MS(ESI,pos.ion)m/z:433.1[M+H]+.
Step 4) (E) -1, 3-diethyl-8- (3-methoxy-4- (2-methoxyethoxy) styryl) -1H-purine-
Synthesis of 2,6(3H,7H) -dione
The title compound was prepared as described in example 1, step 5 by reacting (E) -N- (6-amino-1, 3-diethyl-2, 4-dioxo-1, 2,3, 4-tetrahydropyrimidin-5-yl) -3- (3-methoxy-4- (2-methoxyethoxy) phenyl) acrylamide (0.8g,1.85mmol) and sodium hydroxide (300mg,7.5mmol) in methanol (6m L) and water (2m L), and the crude product was purified by silica gel column chromatography (dichloromethane/methanol (v/v) ═ 100/1) to give the title compound as a yellow solid (0.71g, 97.3%).

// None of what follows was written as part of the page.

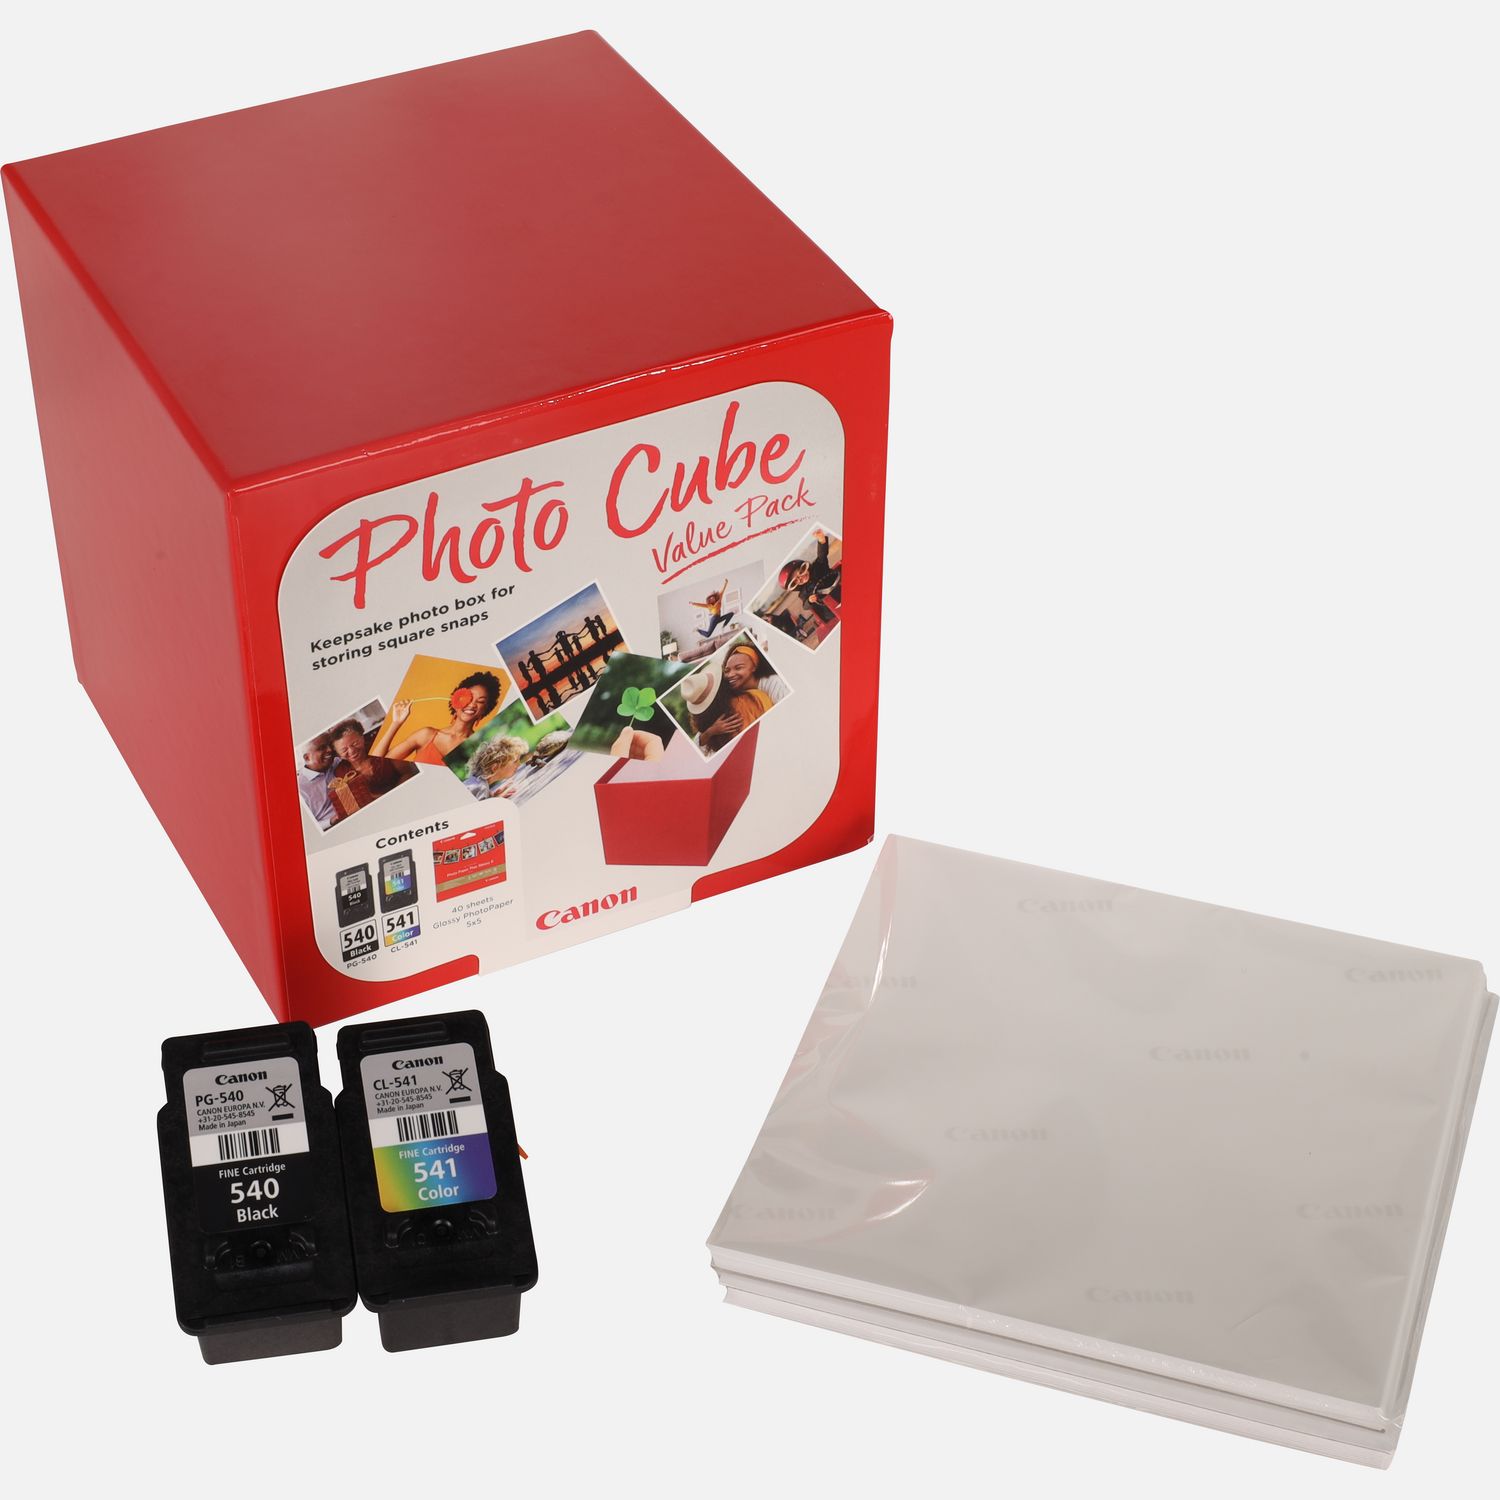 Canon Photo Cube PG-540 + CL-541 Ink Cartridges + PP-201 5 x 5" Photo Paper Plus Glossy II (40 sheets) - Value Pack — Canon Ireland Store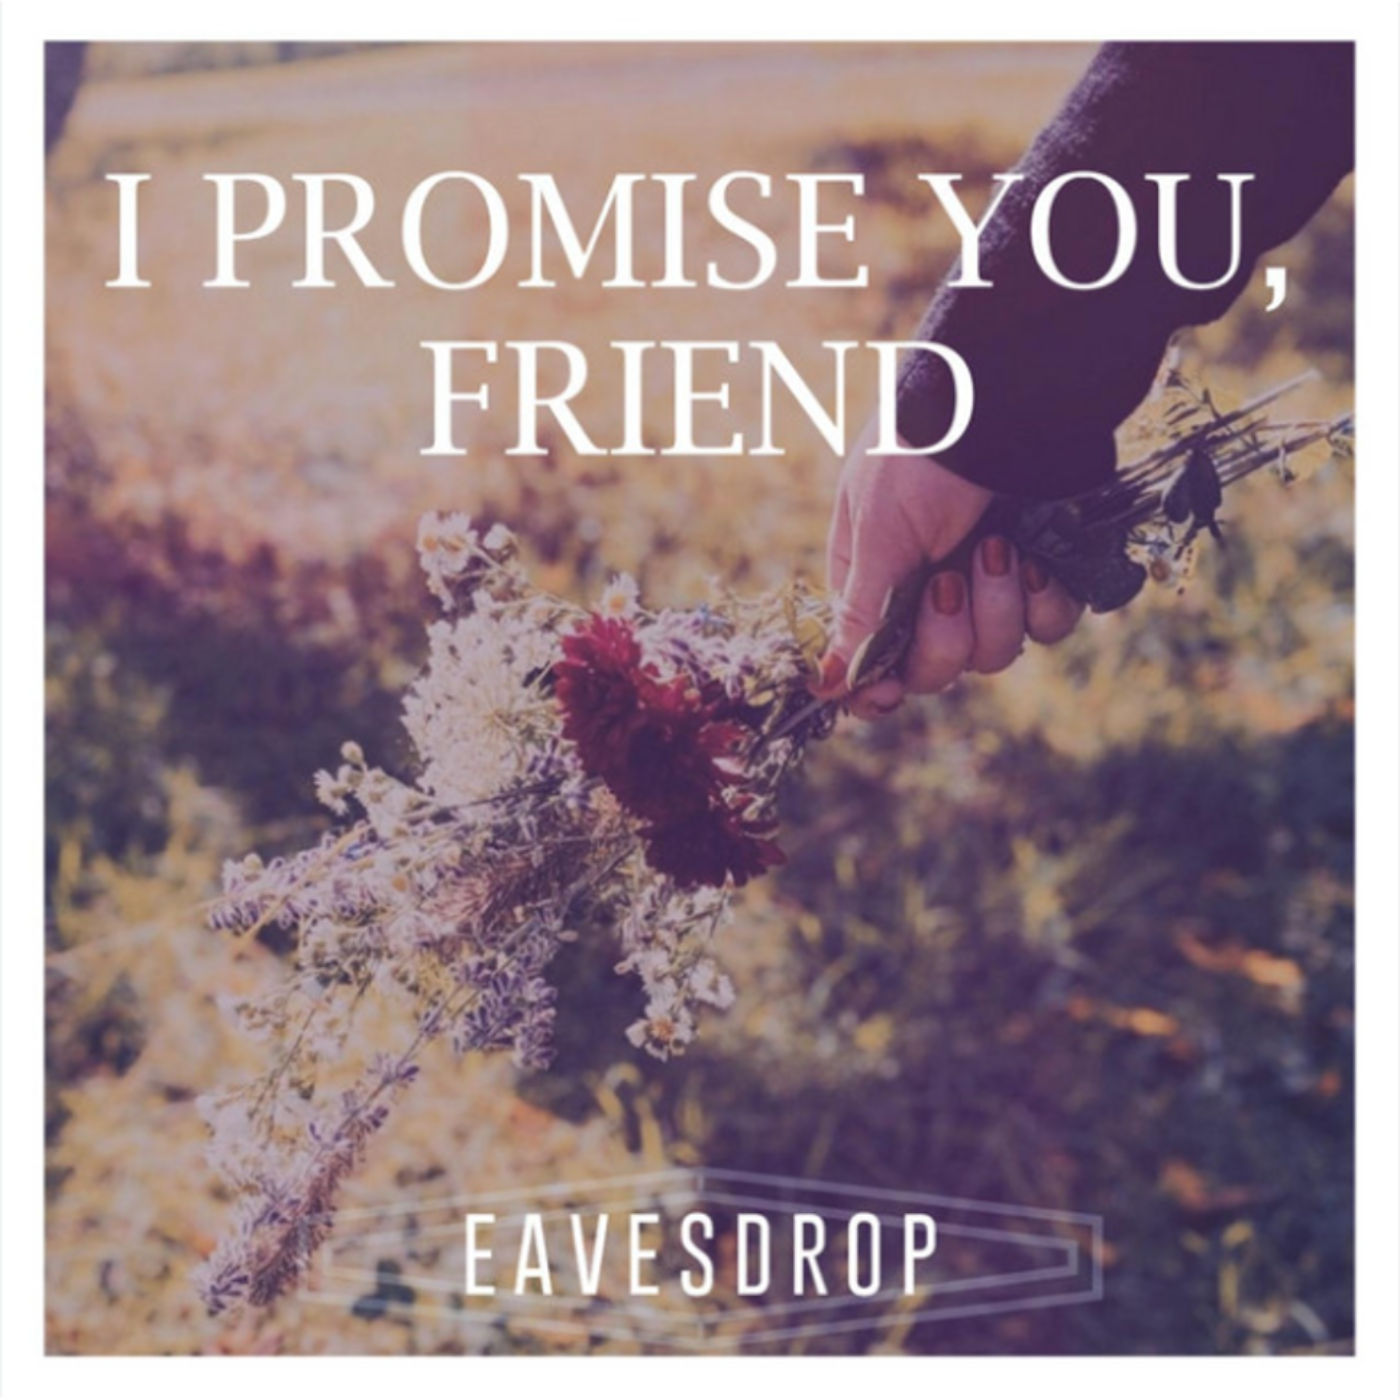 I Promise You, Friend (SINGLE RELEASE) © 2019

MS(ESI,pos.ion)m/z:415.4[M+H]+;
1H NMR(400MHz,CDCl3)(ppm)7.70(d,J=15.7Hz,1H),7.66(d,J=1.8Hz,1H),7.42(dd,J=8.5,1.8Hz,1H),6.99(d,J=8.5Hz,1H),6.80(d,J=15.7Hz,1H),4.25(d,J=4.5Hz,2H),4.20(d,J=7.1Hz,2H),4.14–4.09(m,2H),4.07(s,3H),3.87–3.82(m,2H),3.51(s,3H),1.39(t,J=7.0Hz,3H),1.29(d,J=7.1Hz,3H).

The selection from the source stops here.